A far more serious one is that after four generations in camps, the Palestine Arab refugees of 1948 and their offspring are not citizens of Egypt, Iraq, Syria, Lebanon, Kuwait, and other Arab states. This population has voting, property-rights citizenship only in Jordan, the Palestinian Authority, and Israel itself. Worse, this is a situation aided and abetted by the international community, including the United Nations. It serves no other purpose than to keep a raw wound raw.

Some argue that the Palestinian Arabs want their olive and orange groves between the Jordan and the Mediterranean; or that Syria, Lebanon, and Egypt, lacking oil wealth, cannot absorb this population. This is utter nonsense. Palestinian Arabs who ended up in the United States have become citizens, despite the vast linguistic difference between the President's English and Levantine Arabic. As for lacking oil wealth, many more millions of refugees were displaces at roughly the same time by the partition of British India, yet they and their descendants are no-questions asked Indians, Pakistanis, and Bangladeshis today. This situation has reached the point where Lahore-born Manmohan Singh could sit down with Delhi-born Pervez Musharaf to discuss defusing tensions between India and Pakistan. Yet the resettlement and absorption of the millions of displaced Hindus, Sikhs, and Christians from East Bengal, West Punjab, and Sindh and that of displaced Muslims from the Gangetic Plain went on without a penny of oil wealth to aid it.
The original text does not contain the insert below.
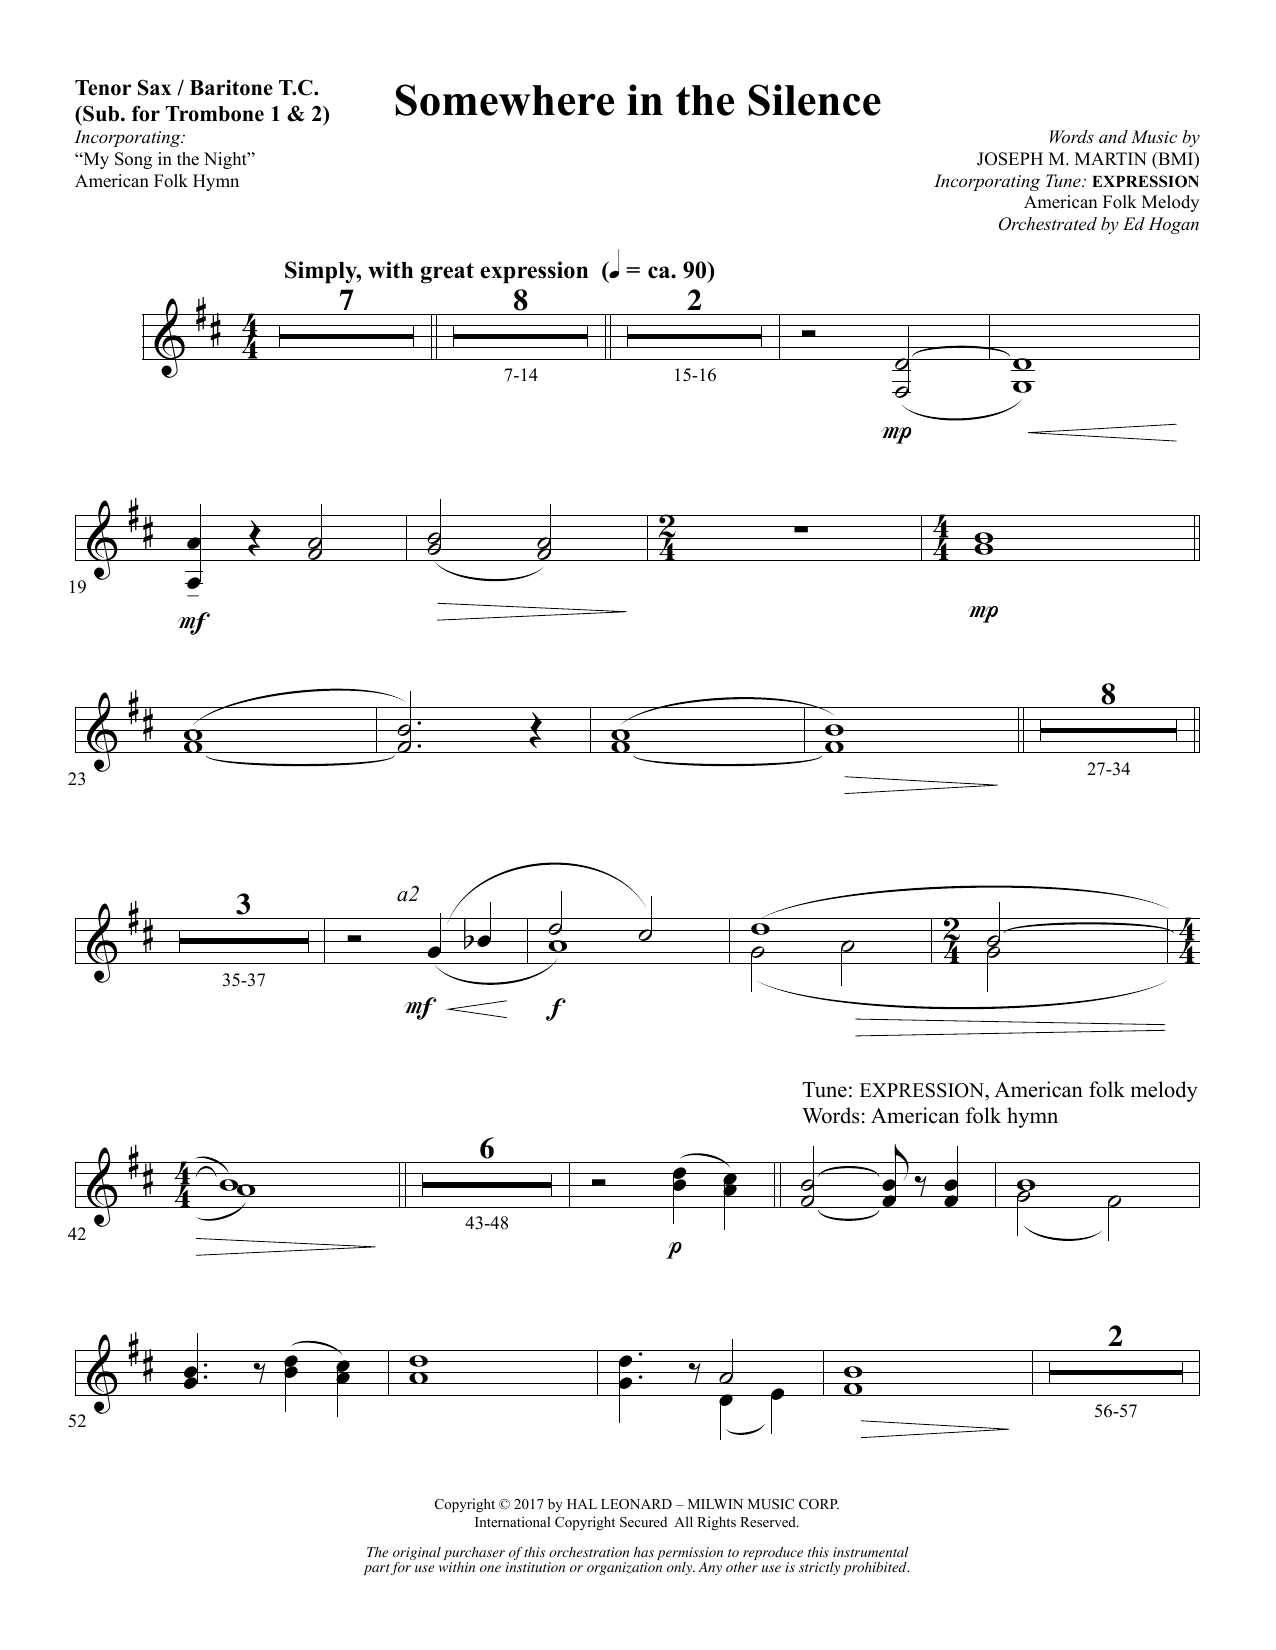 Joseph M. Martin Somewhere in the Silence - Tenor Sax/BariTC (sub Tbn 1-2) sheet music notes and chords arranged for Choir Instrumental Pak

Further, those descended from the ancient Jewish populations formerly living in lands from Iraq to Morocco and from the Hauran to Yemen, expelled and dispersed with no more than the clothes on their backs, are today no-questions-asked Israelis. And, it is worth noting, these populations predated the Arab presence in all of their lands of domicile prior to the Islamic conquests of the 7th and 8th centuries. Indeed, the prayer of Qol Nidre was probably heard and recited throughout Babylon every Yom Kippur long before the Arabic Azan was ever dreamt of. Yet today, Iraq, the second homeland of Jewry, which held large and thriving Jewish communities since the sixth century B.C. (I unapologetically write as a Christian) and where several of the Old Testament prophets are buried, is now Judenrein. The same can be said of Egypt, where a prominent Jewish community lived since shortly before the Babylonian exile, and where the Greek Septuagint, the first major translation of the Hebrew Scriptures, was produced. Yet where is the world's outrage over the destruction of these communities, whose contributions to civilization worldwide, were immense?

Further, there are many, many Greeks whose grandparents speak Turkish, whose family memories go back to the lands that were once Proconsular Asia, Pontus, and Cappadocia; and numerous Turkish families whose ancestors once lived in Thessaly and Crete. Countless states with seats in the United Nations--and others without--which have absorbed many more refugees than those displaced by the establishment of Israel in 1948. It is time to make the naturalization and permanent resettlement of the Falastin refugee population in the Arab countries--which, after all, share a language and religion with the majority of Palestinians--part of a permanent Middle Eastern settlement. That the United States has not made such calls loudly and persistently is the shame of our diplomacy. That the Arab states--apart from Jordan--have not taken steps on their own to do such a thing is their own lasting disgrace.